Monday, Mar. 03, 1947
Invitation to Learning
Some sensitive souls insisted on thinking that the new U.S.-Canadian defense agreement (TIME, Feb. 24) was something it was not. Moscow's Izvestia said the agreement had "clearly aggressive characteristics." A Moscow radio commentator cried: "There are [U.S.] troops everywhere [in the Arctic], and in such places as ... Churchill they experiment with jet-propelled planes." Such sniping was not confined to Russia.
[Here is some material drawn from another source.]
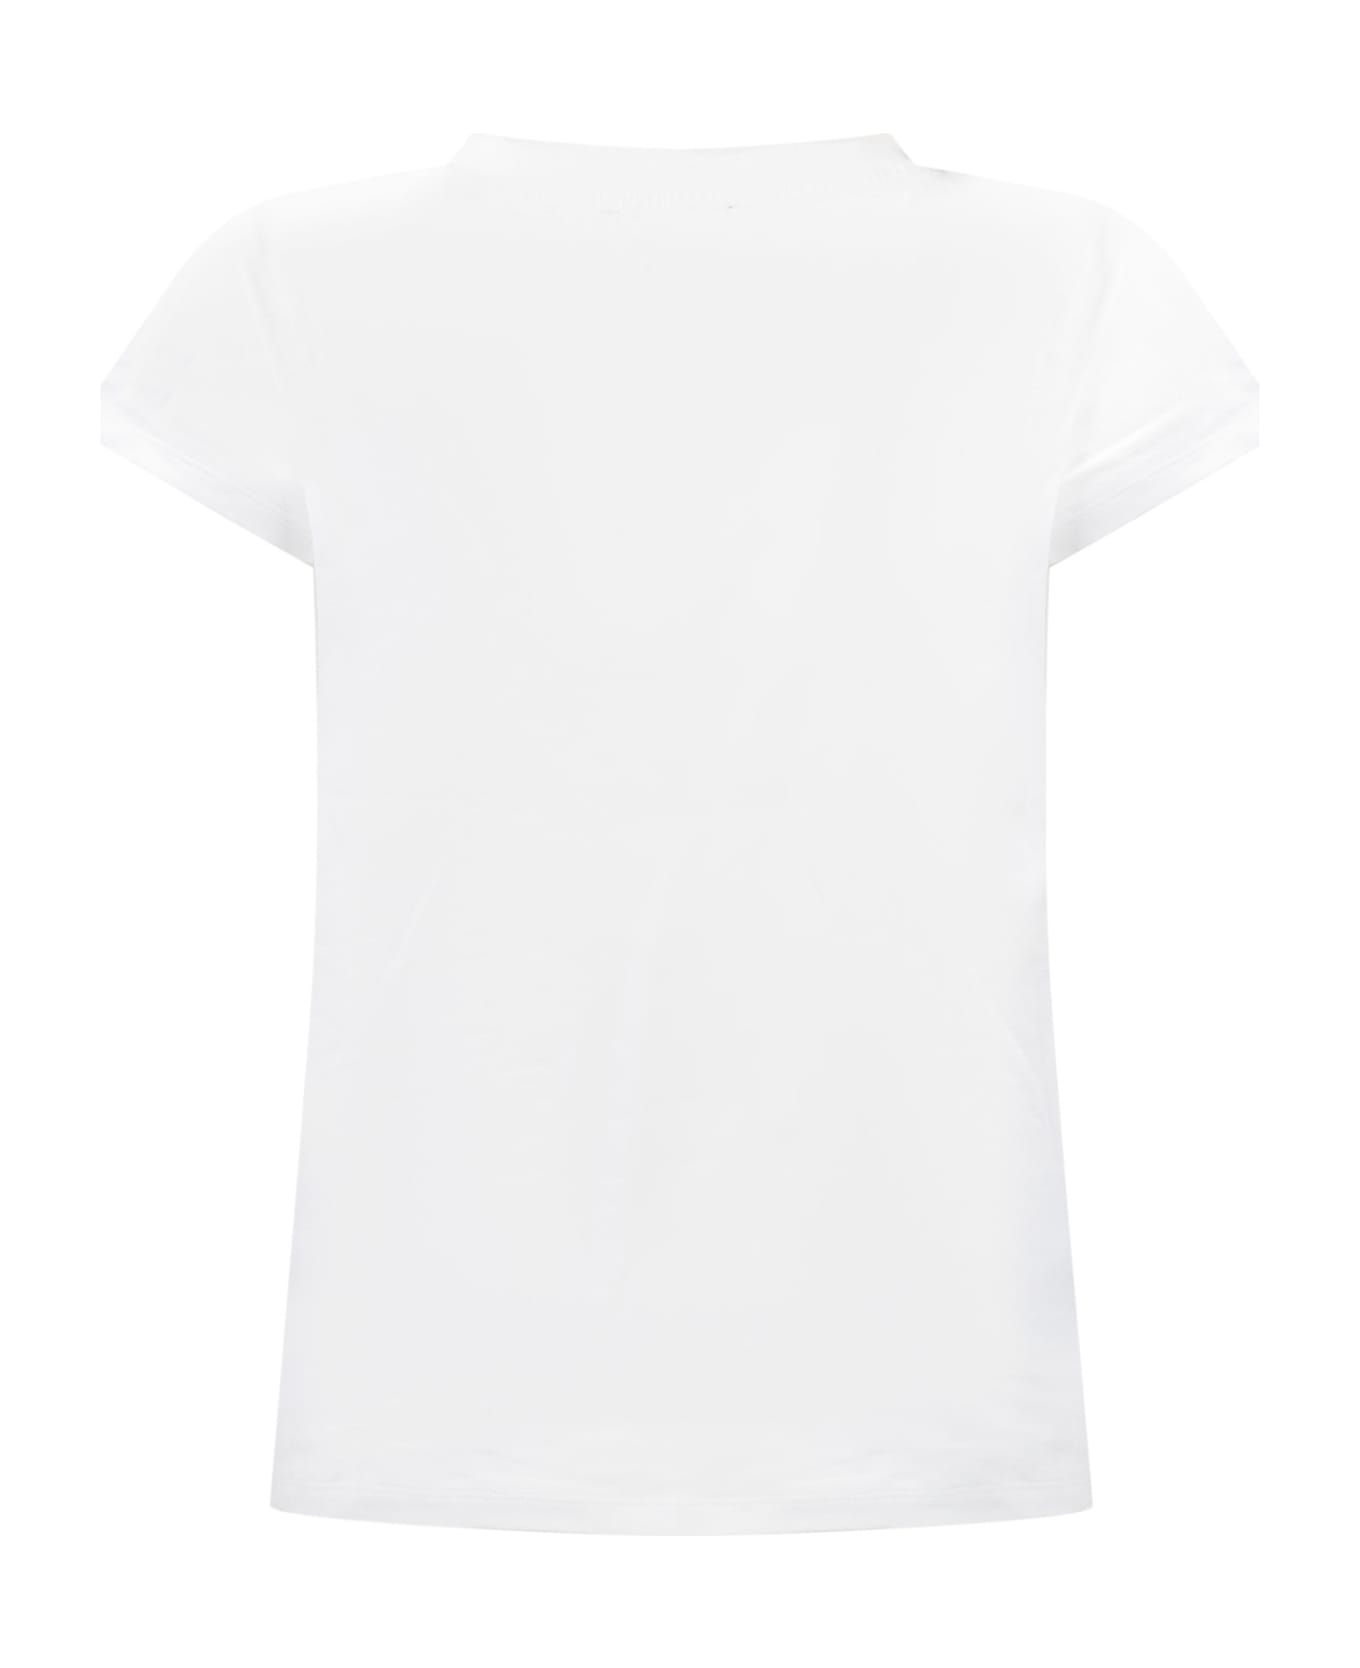 Balmain Logo T-shirt - WHITE Tシャツ＆ポロシャツ
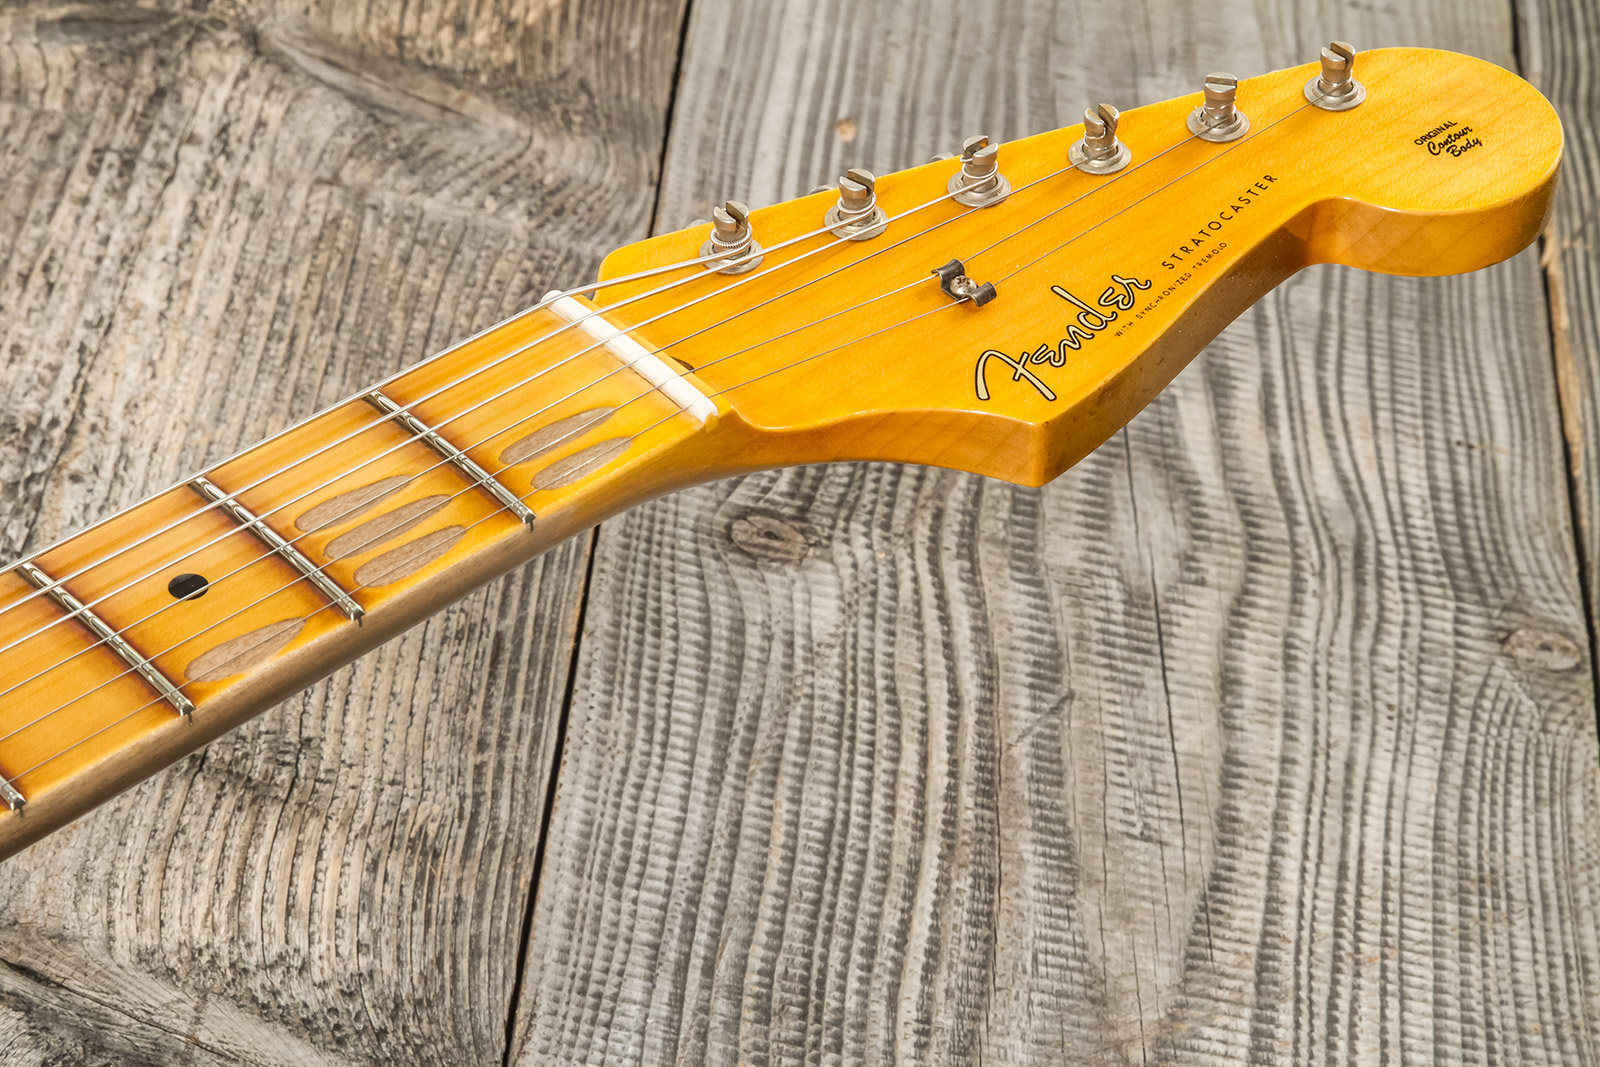 Fender Custom Shop Strat 1956 3s Trem Mn #cz575333 - Journeyman Relic 2-color Sunburst - Str shape electric guitar - Variation 6

Saskatchewan's socialist Agriculture Minister Isidore Nollet, U.S.-born and a U.S. veteran of World War I, complained that there were U.S. troops stationed at North Battleford, Sask., and that they should be told to go home.
Tired of such talk, National Defense Minister Brooke Claxton made a public answer: "All the discussion and veiled charges about what is going on [at Churchill] have no foundation in fact." To prove it, he forthwith invited the Ottawa military attaches of ten foreign countries, including Russia, to go to Churchill, Man., to see for themselves.
An inkling of what the junketeers would see came from Winnipeg, where the U.S.Canadian Permanent Joint Board on Defense was holding one of its periodic meetings. Canadian Chairman Andrew G. L. McNaughton and U.S. Chairman Fiorello LaGuardia hopped up to Churchill on a tour of their own. They reported that there were 1,000 soldiers, civilians and their wives (including 130 Americans) at Churchill on the bleak western shore of Hudson Bay. Artillery, machine guns, snowmobiles and winter clothing are being tested there. So are a few planes -- DC-35, Mosquitoes, and a Halifax. Jet-propelled planes? Said McNaughton:'"There is nothing of that sort up there. . . . There is not a thing we are the least anxious about. I'm afraid if anyone is expecting something like rockets capable of reaching the moon, he will be disappointed."